282 * All verdicts for that scenario are recalculated and stored as new
283 {{code}}VERDICT_VERSION{{/code}} entries.
284
285 * REVIEW_ACTIONs are always attached to the **exact version** that was seen by
286 the reviewer. This preserves a faithful audit trail if data later changes.
287
288 * In a federated environment, nodes can choose:
289 * which identity entities to replicate (CLAIM, SCENARIO, EVIDENCE, VERDICT)

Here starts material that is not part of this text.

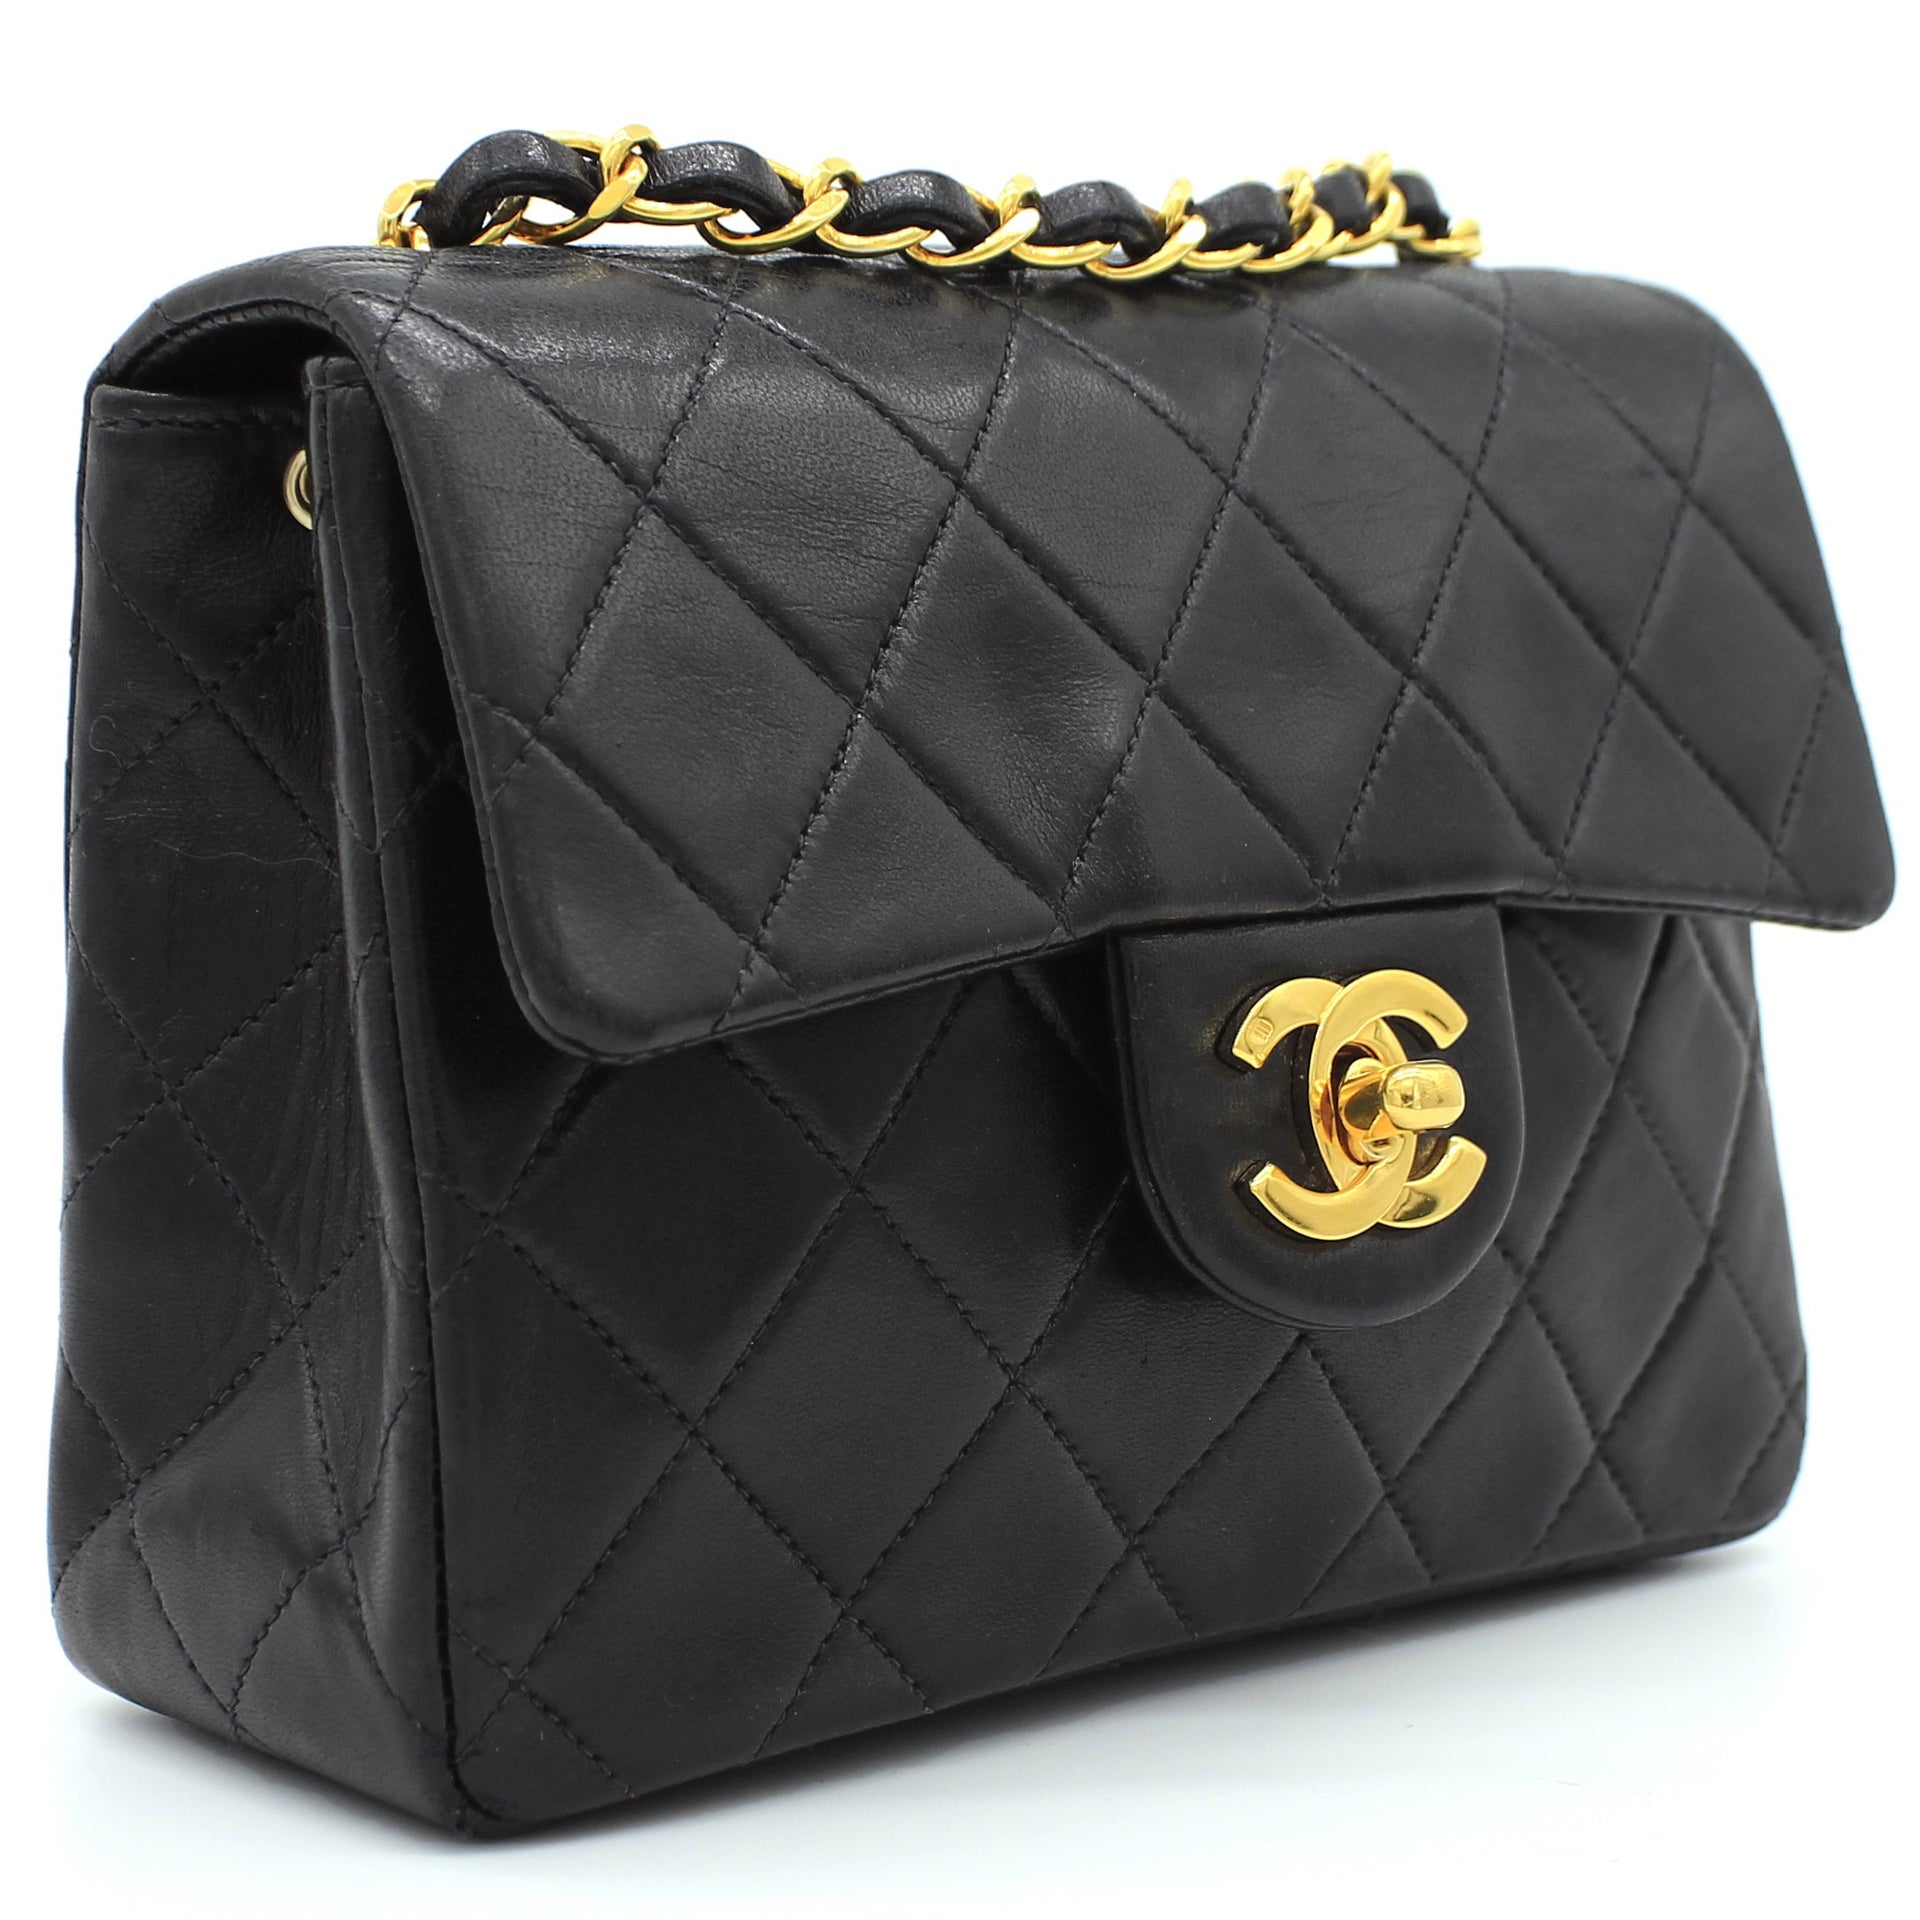 Chanel Square Mini Bag Review / Comparing Caviar vs. Lambskin

290 * which versioned entities to replicate (e.g. only accepted VERDICT_VERSIONs,
291 only EVIDENCE_VERSIONs above a reliability threshold, etc.)
292
293 ----
294
295 = 5.5 Behavioral Notes =
296
297 == 5.5.1 Late-Arriving Evidence ==
298
299 New evidence versions can make existing verdicts **outdated** and may trigger
300 re-evaluation cascades. This is handled by the global trigger and automation
301 architecture (see the Versioning & Automation chapters).
302
303 == 5.5.2 Scenario Evolution ==
304
305 Scenario changes create new SCENARIO_VERSIONs; dependent verdicts and
306 Scenario–Evidence links are re-assessed. Old versions remain available for
307 historical comparison and reproducibility.
308
309 == 5.5.3 Federation ==
310
311 Federated nodes can replicate subsets of the graph, including:
312
313 * Claims and Scenarios of local interest
314 * Evidence metadata (without full content)

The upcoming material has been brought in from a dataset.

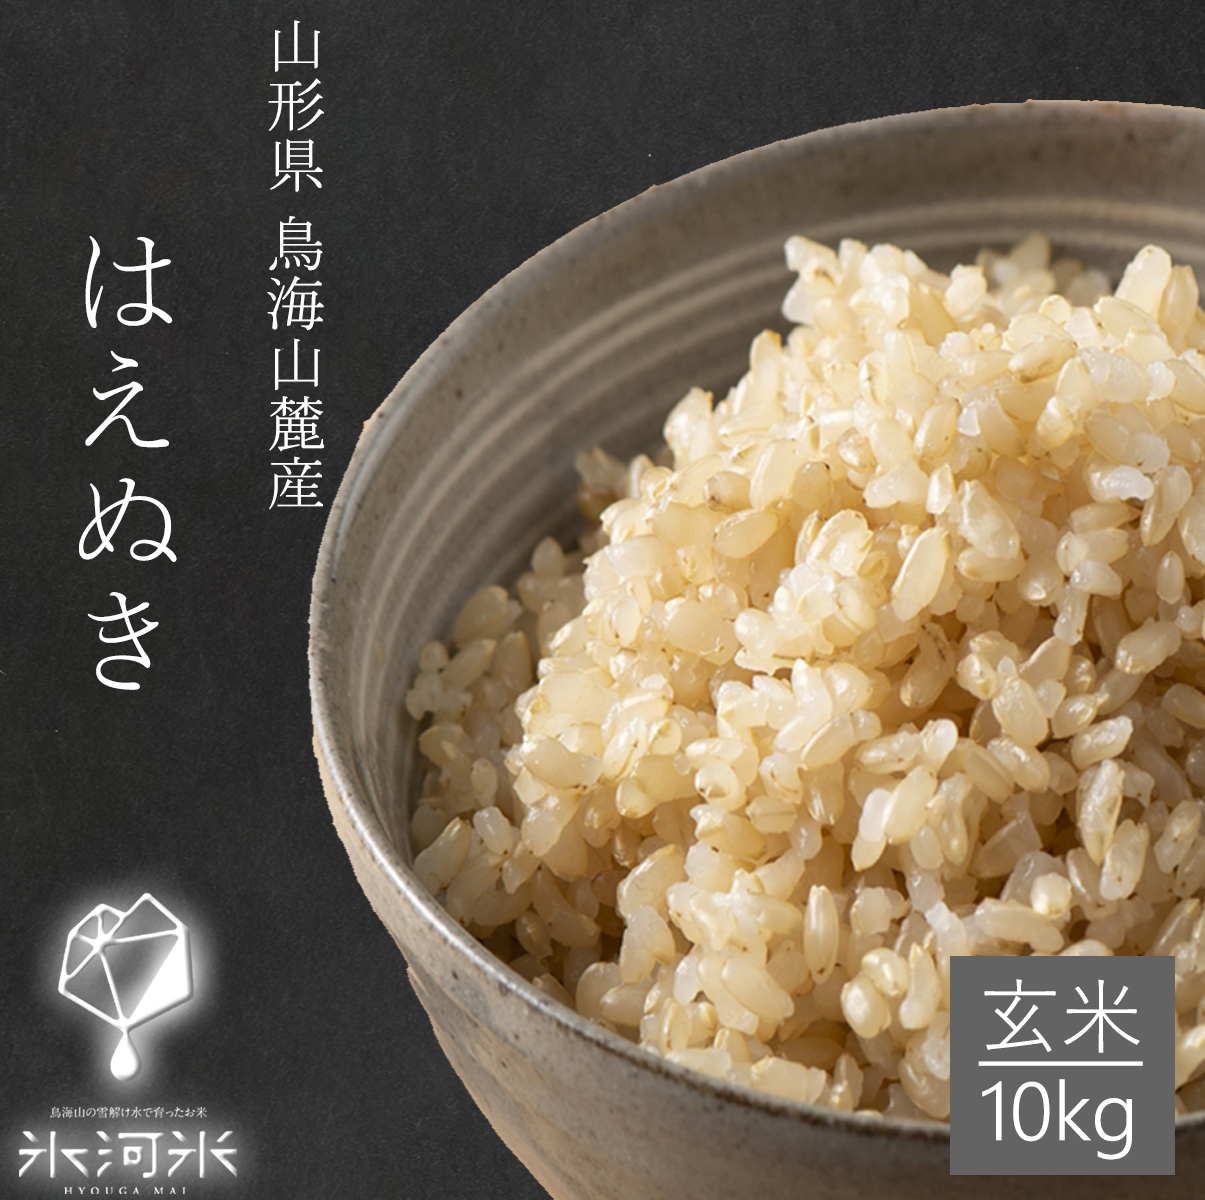 【楽天市場】米 はえぬき 玄米 30kg 精米・送料無料 安い 山形県産

315 * Verdict lineages used for local decision-making
316
317 Federation-specific entities (such as {{code}}FEDERATION_NODE{{/code}},
318 replication logs, and trust rules) are described in the Federation &
319 Decentralization chapter and build on top of the core data model defined here.